Furthermore, we demonstrated a close relationship between SIRT3 function and AMPK-PGC-1α pathway in regulating mitochondrial antioxidant network under AGEs stimulation (Fig. 9). Previous studies have reported that AMPK activation could promote the interaction of PGC-1α with estrogen-related receptor alpha that was a crucial transcription factor for SIRT3 expression. Similarly, our present study observed an inhibited “AMPK-PGC-1α” pathway by AGEs treatment. Further utilizing pharmacological manipulation, this study showed for the first time that AMPK-PGC-1α activation by A-769662 could ameliorate the suppressive effect of AGEs on SIRT3 and mitochondrial antioxidant network, while RAGE was not responsible for this process. Moreover, AMPK-PGC-1α pathway was also involved in the protective function of NMN, confirmed by the inhibitory effect of Compound C. These results demonstrated that AMPK-PGC-1α was involved in AGEs-suppressive and NMN-protective effect on SIRT3 and mitochondrial antioxidant network. Previous study reported that AMPK/PGC-1α pathway could limit oxidative stress in osteoarthritis progression. However, whether A-769662 and NMN work in this process by targeting SIRT3 was not clear. Our results using SIRT3 knockdown suggested that SIRT3 was indispensable for the protective effect of AMPK/PGC-1α activation in AGEs-induced human NP cell apoptosis.

Fig. 9

Schematic model illustrating the signaling pathway by SIRT3 and AMPK-PGC-1α to mediate AGEs-induced and NMN-protective effect on mitochondrial oxidative stress and NP cell apoptosis.

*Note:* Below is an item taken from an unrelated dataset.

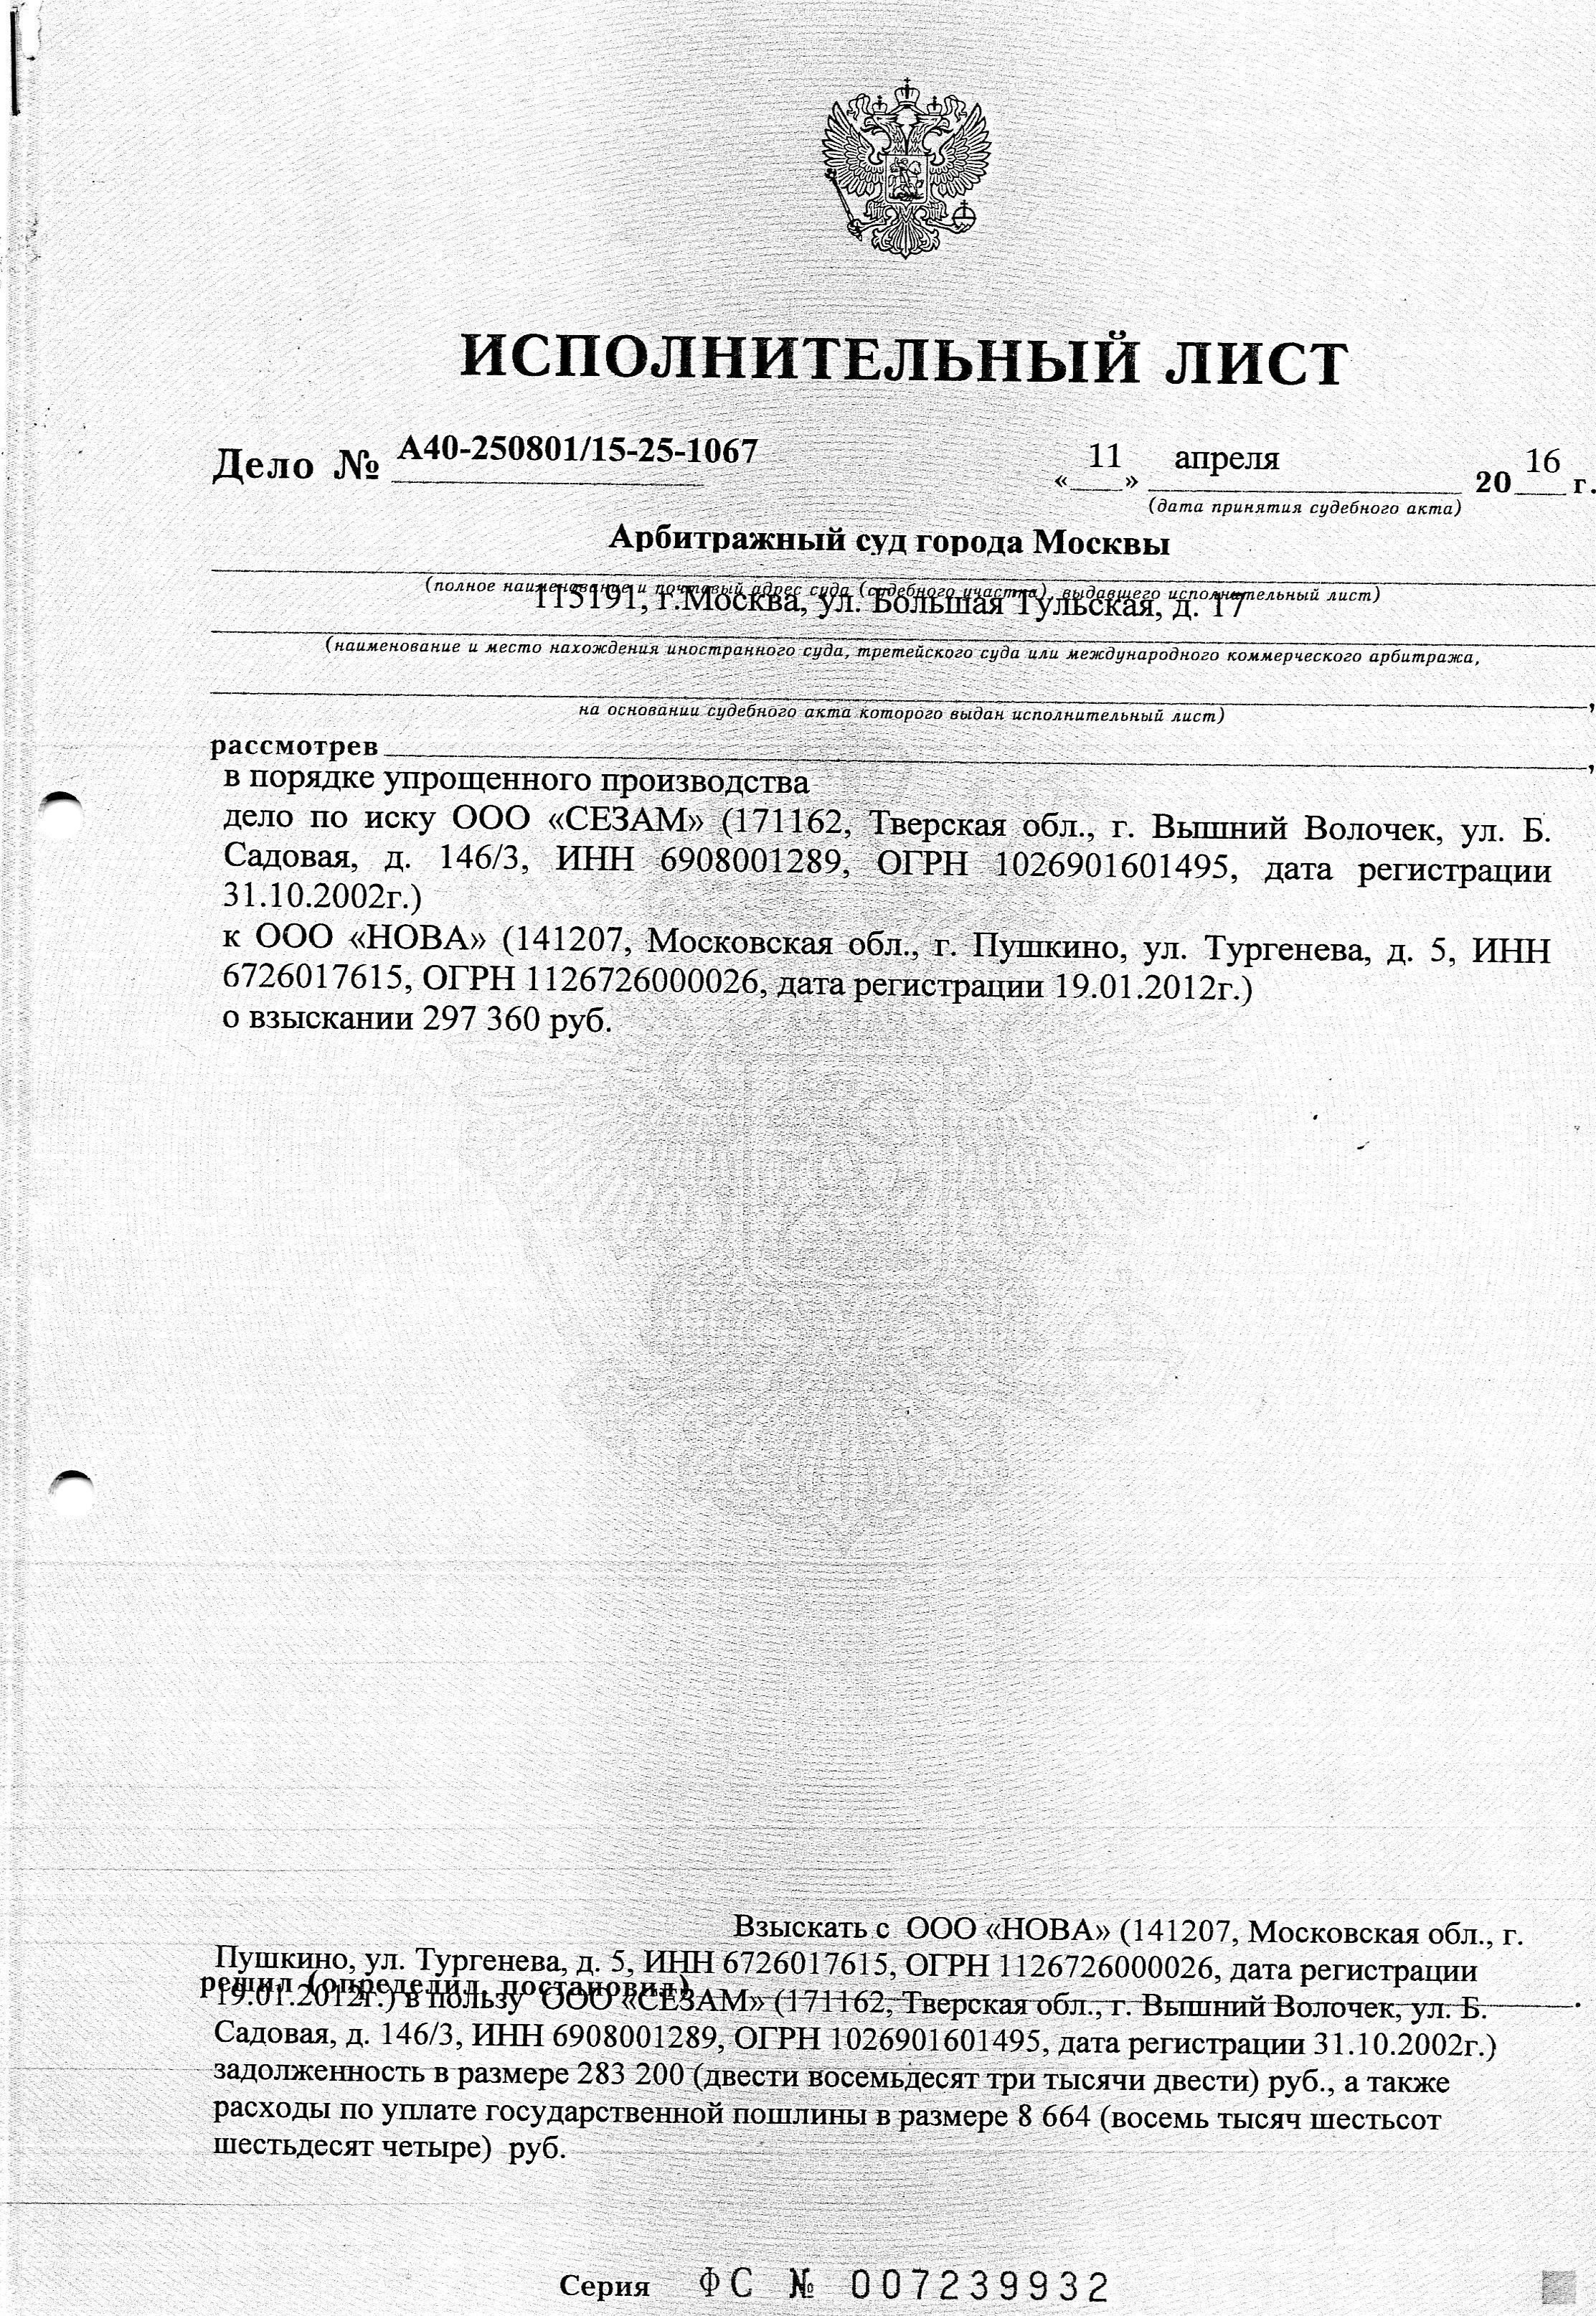 Электронные больничные листы в 2019 году Пушкино

In current study, we also established a simple IVD degeneration model in order to further evaluate the effect of AGEs on NP cell survival and IVD degeneration and the therapeutic potential of NMN treatment in vivo. The local injection into discs was used to induce AGEs-depositive microenvironment and administer NMN treatment, which was also applied in other disease models [70], [71]. As observed, exogenous NMN administration could ameliorate the NP cell apoptosis and IVD degeneration induced by AGEs, along with the restoration of SIRT3 level. Meanwhile, we cannot neglect the limitations that involved in this animal model using local injection into rat tail discs, although it is widely used [14], [72]. The rat IVDs experience different biomechanical characteristics with that of human. More studies using monkey, goat or dog may provide further insights. In addition, the AGEs-injection model can simulate its function as bioactive molecules, while it is poor for mimicking the altered mechanical microenvironment by AGEs deposition.

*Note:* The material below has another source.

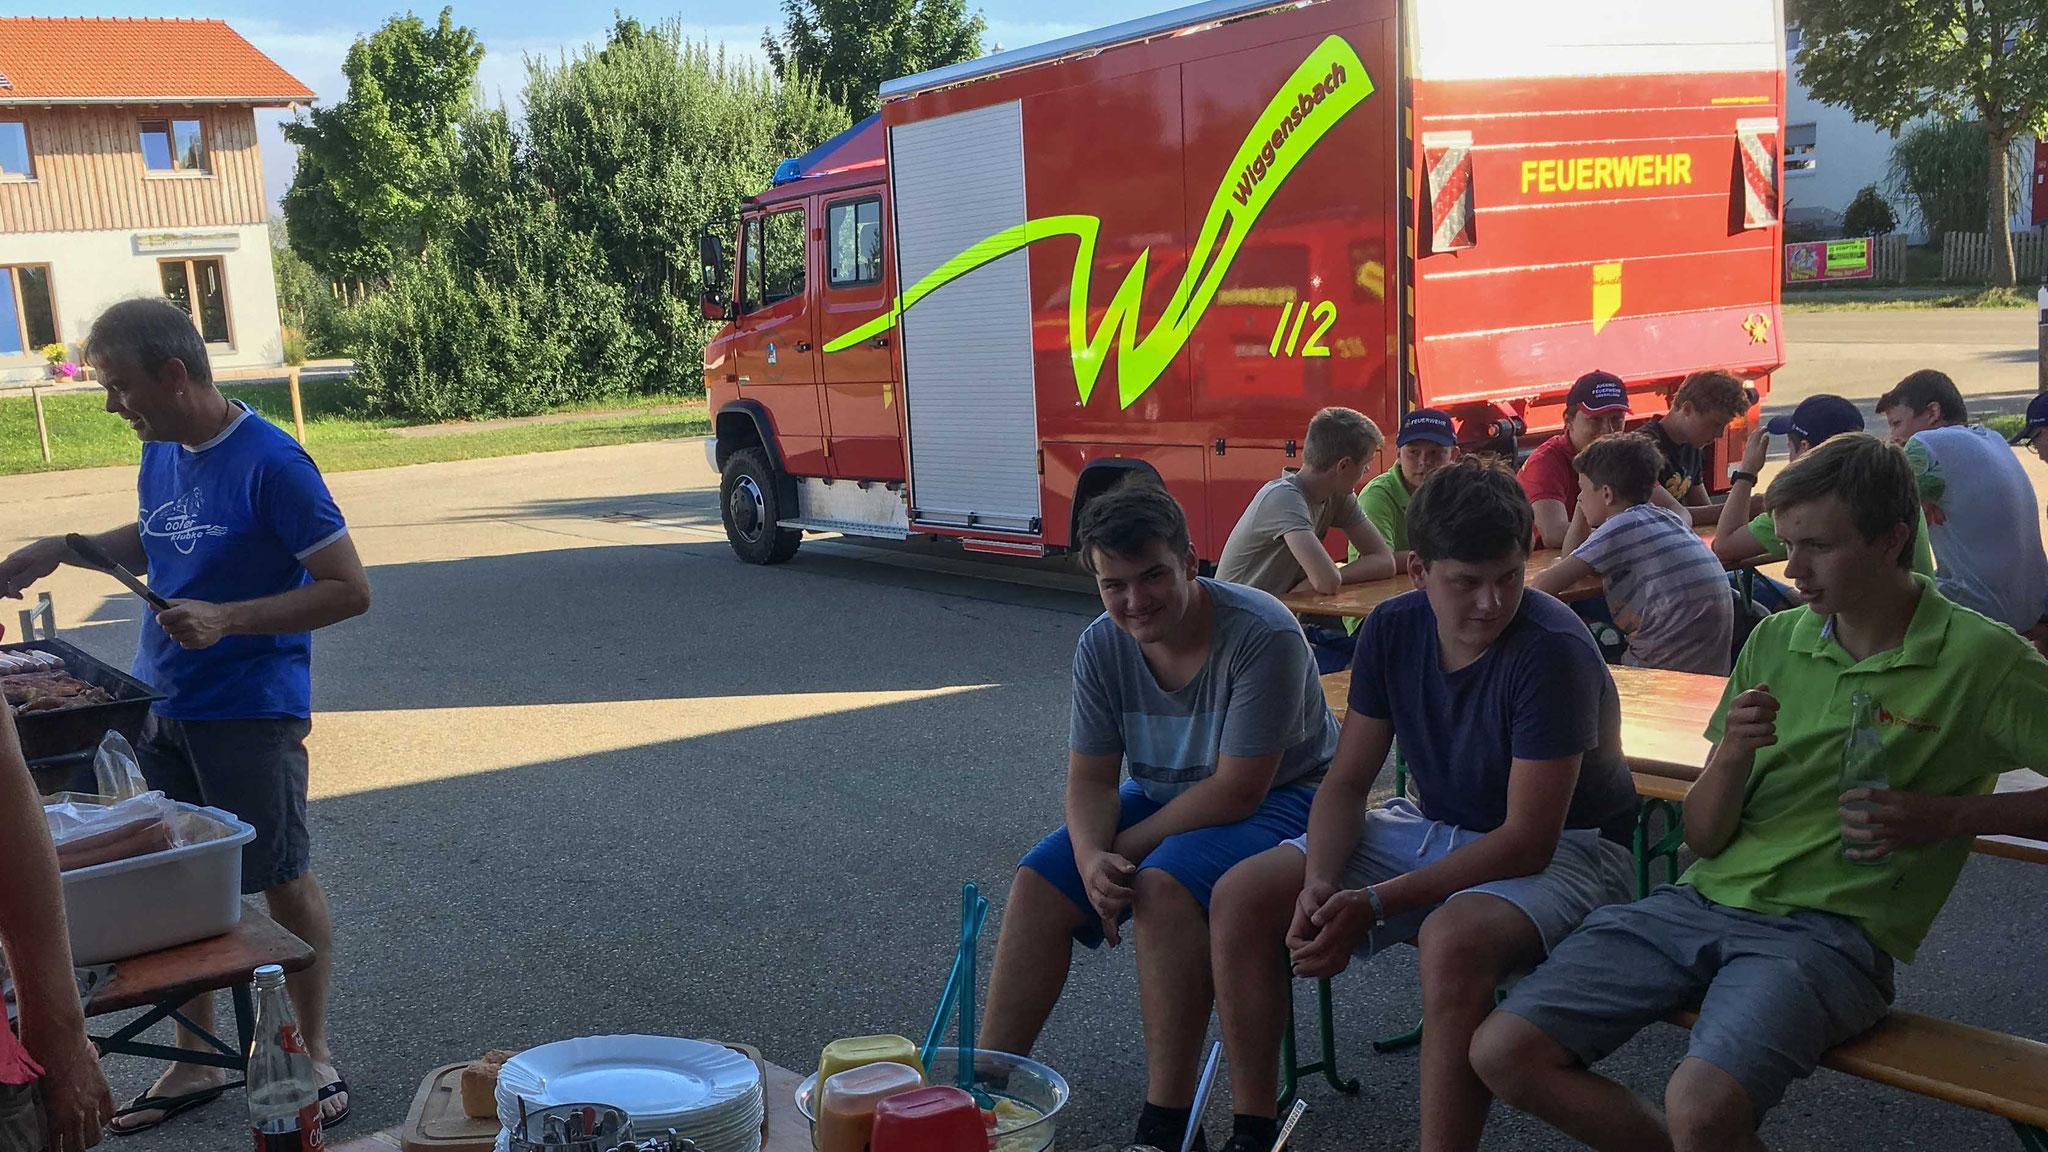 24.07.2019 Jugendfeuerwehr Ermengerst - Grillen bei der FFW

Another limitation of this study was that the use of NMN as pharmacological intervention to regulate SIRT3 function was not specific. Although our present study showed the protective effect of SIRT3 on AGEs-induced NP cell apoptosis and IVD degeneration, more molecules have been targeted by NMN [21], [22], [23] and their potential interaction with SIRT3 may be involved in this process and need more mechanistic investigations in the future.

Conclusion

The current study represents the first demonstration of the protective role of SIRT3 in IVD degeneration. Previous data showed that aging was one risk factor that promoted SIRT3 down-modulation and osteoarthritis progression [20]. We further clarified that AGEs acted as risk molecule involved in IVD degeneration, and participated in suppressing SIRT3 function and inducing NP cell apoptosis and IVD degeneration, which can result from mitochondrial redox disorder and oxidative stress. Moreover, NMN administration alleviated the AGEs-induced oxidative stress and NP cell apoptosis by restoring SIRT3 function and the mitochondrial antioxidant network. Thus, we infer that SIRT3 function in NP cells can potentially serve as a new and effective therapeutic target for AGEs-associated IVD degeneration.